Students_standard_deviation <- sd(data$Students)
Students_standard_deviation
## [1] 72.06524
#Explanation: These is standard deviation of 73.64196 in the students section of this dataset. This means that the number of students in each class varys by about 73.64196 from the average number of students. The large standard deviation highlights UIUC’s mix of small seminars and large lecture halls—showing structural variety in how courses are delivered.. 


#KEY INSIGHTS
#Math and CHEM courses had the highest number of F grades.
#Instructor grading patterns vary widely in high-enrollment departments.
#Fall term consistently had the highest student enrollment.
#Course difficulty does not always align with course number.


#CONCLUSION

#This analysis reveals key grading and enrollment trends across 10 years at UIUC. While some courses and departments consistently show tougher grading patterns, instructor variation also plays a role. Missing demographic data (e.g. gender, ethnicity) and external factors (like socioeconomic status or mental health) limit deeper insight—but the dataset still offers meaningful views on academic structure, fairness, and performance trends.
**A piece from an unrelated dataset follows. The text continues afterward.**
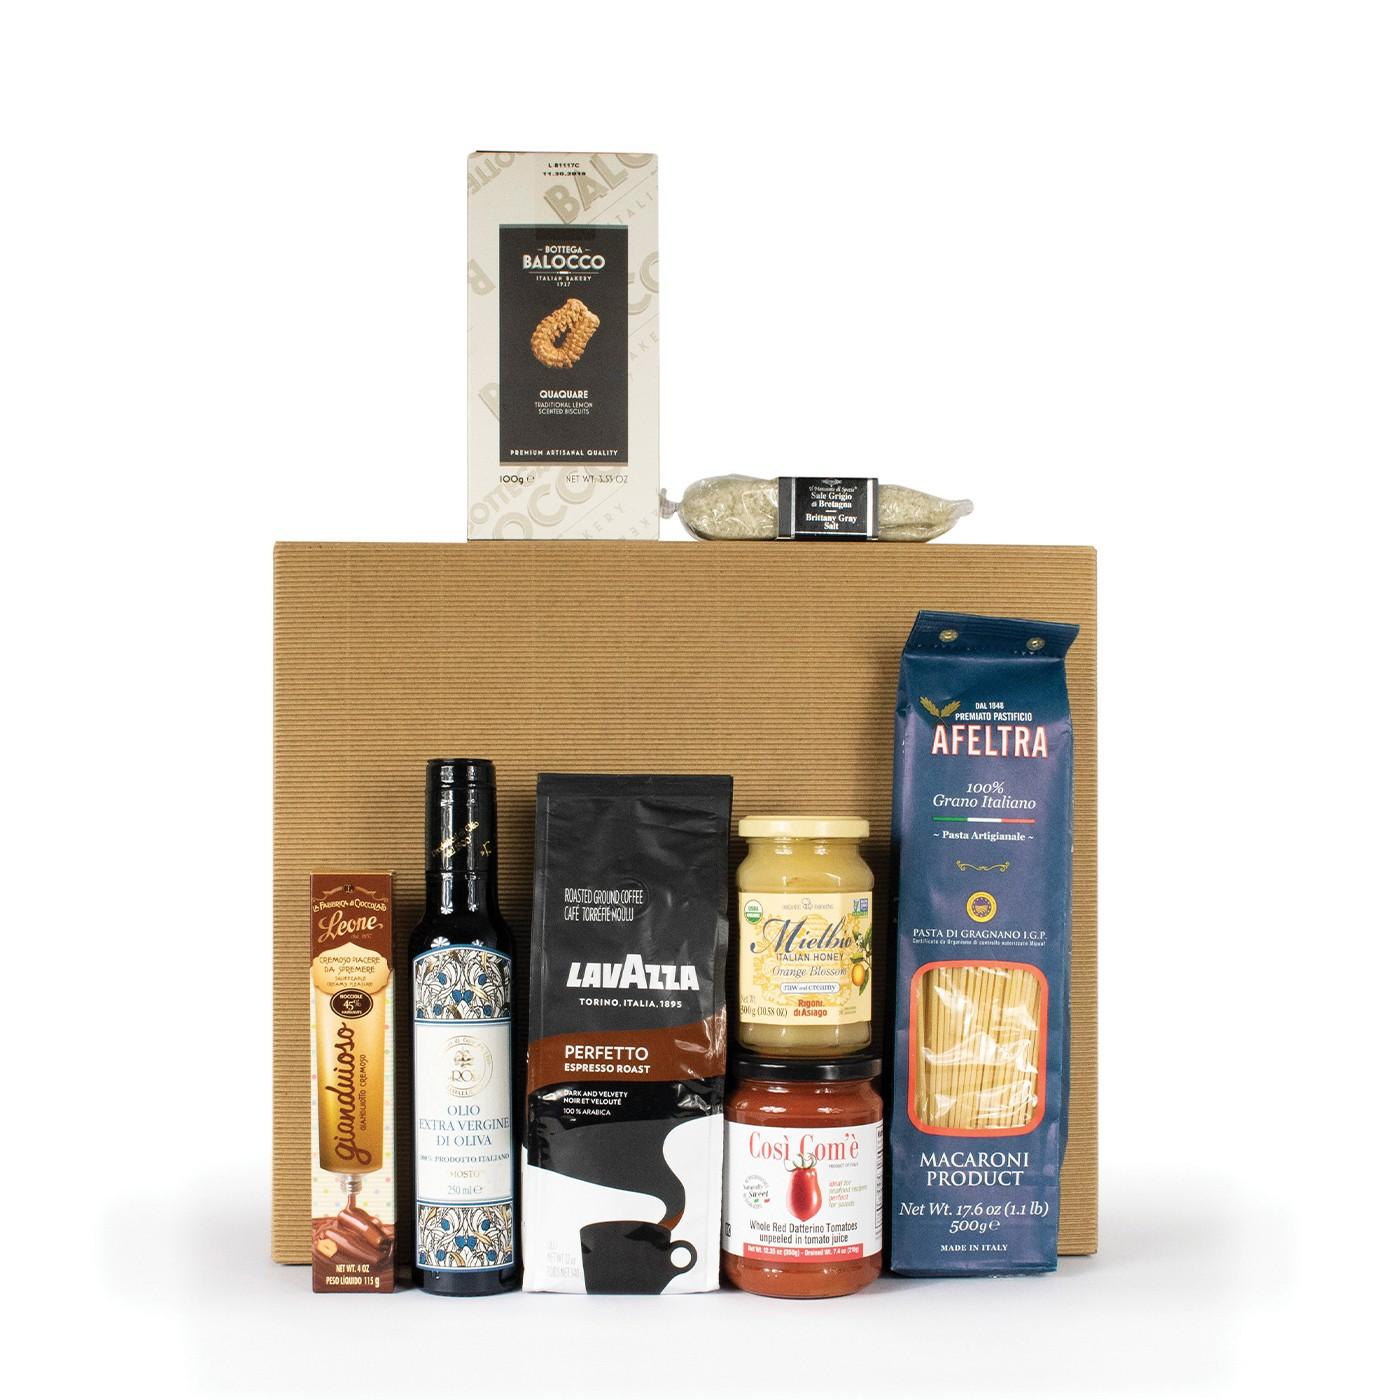 Italian food gift basket: iconic products

#This analysis can inform academic advising, curriculum planning, and support program targeting.

#Limitations
#The dataset does not include student demographic information, course prerequisites, or grade distributions per student. External factors like academic background, socioeconomic status, or health conditions are not captured, which limits causal inference.


#Call to Action
#This analysis could be expanded with student-level data or tied to advising strategies. I’d be excited to bring this approach to real institutional planning or policy evaluation.